|British Prime Minister David Cameron|
LONDON. British Prime Minister David Cameron said Tuesday that the international community must not let Libyan leader Moammer Gaddafi murder his own people.
"It is not acceptable to have a situation where Colonel Gaddafi can be murdering his own people, using aeroplanes and helicopter gunships and the like.
"We have to plan now to make sure that if it happens we can do something to stop it," Cameron said in a joint press conference with Afghan President Hamid Karzai dominated by events in Libya.
The prime minister said the need to protect Libyan civilians from attack was why he had asked his military chiefs to look into the possibility of imposing a no-fly zone over Libya.
"It's right for us to plan and look at plans for a no-fly zone," he said.
"We should also be making contact with, getting a greater understanding of, the opposition forces that are now in Benghazi and in control of quite a lot of the country.
"We are trying to step up our contact with them so we can know them better and what their intentions are."
But he added: "I don't think we should go beyond that for now."

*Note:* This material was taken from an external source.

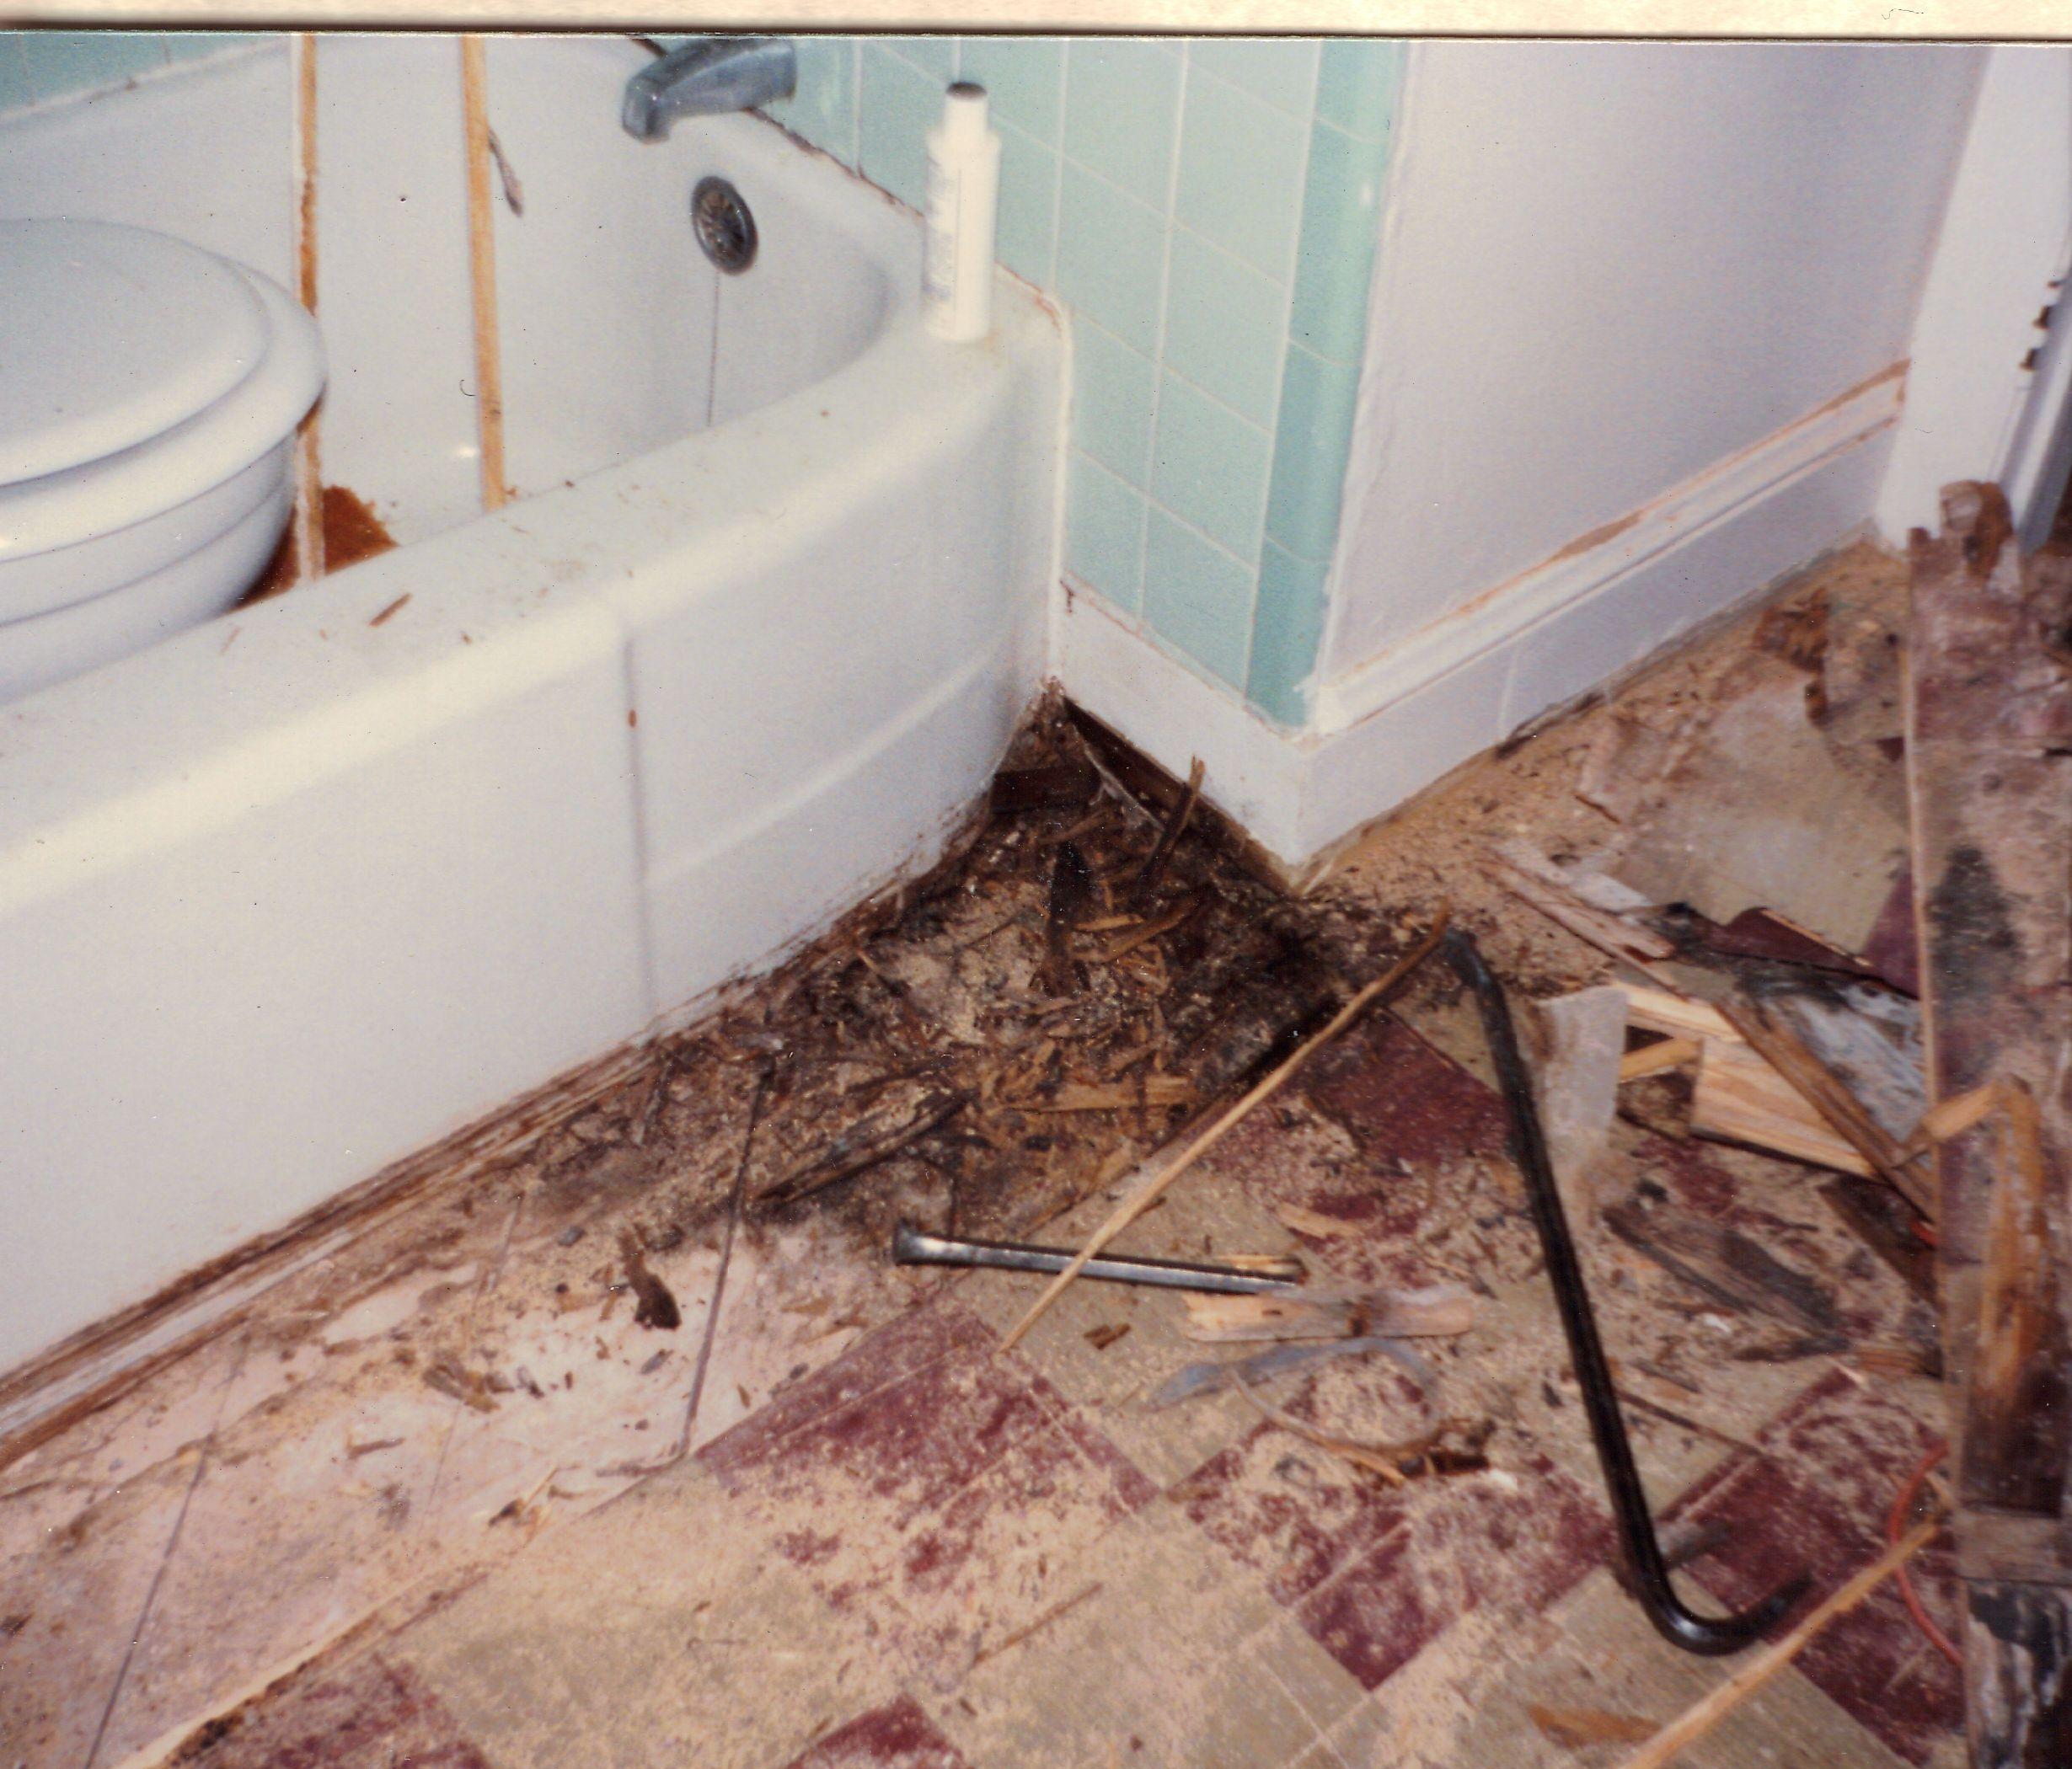 Rotten Bathroom Floor Google Search Bathroom Flooring Wood Bathroom Flooring

Cameron was asked to compare the Libyan revolt to the end of the first Gulf War in 1991 when Shiites in southern Iraq rose up against Saddam Hussein, encouraged by the West, but were ultimately left to their fate and brutally crushed.
The prime minister said: "We mustn't let that happen in Libya and I think there are some very immediate dangers of what Colonel Gaddafi could do to his own people."
Cameron said there were political and legal difficulties with taking action against Gaddafi's regime but stressed that should not stop the international community from planning ahead for bringing the crisis to a swift end.
Britain and its allies must do "everything we can to isolate and starve that regime of money and support," he said.
"The next stage in our planning must be, tragically, planning for the humanitarian difficulties, potential humanitarian crises there could be. Let us hope this doesn't happen."
He added: "We should see the whole of what is happening in North Africa and the Middle East as an opportunity."
The West should try to ensure "this is a democratic awakening and not a time of risk and difficulty".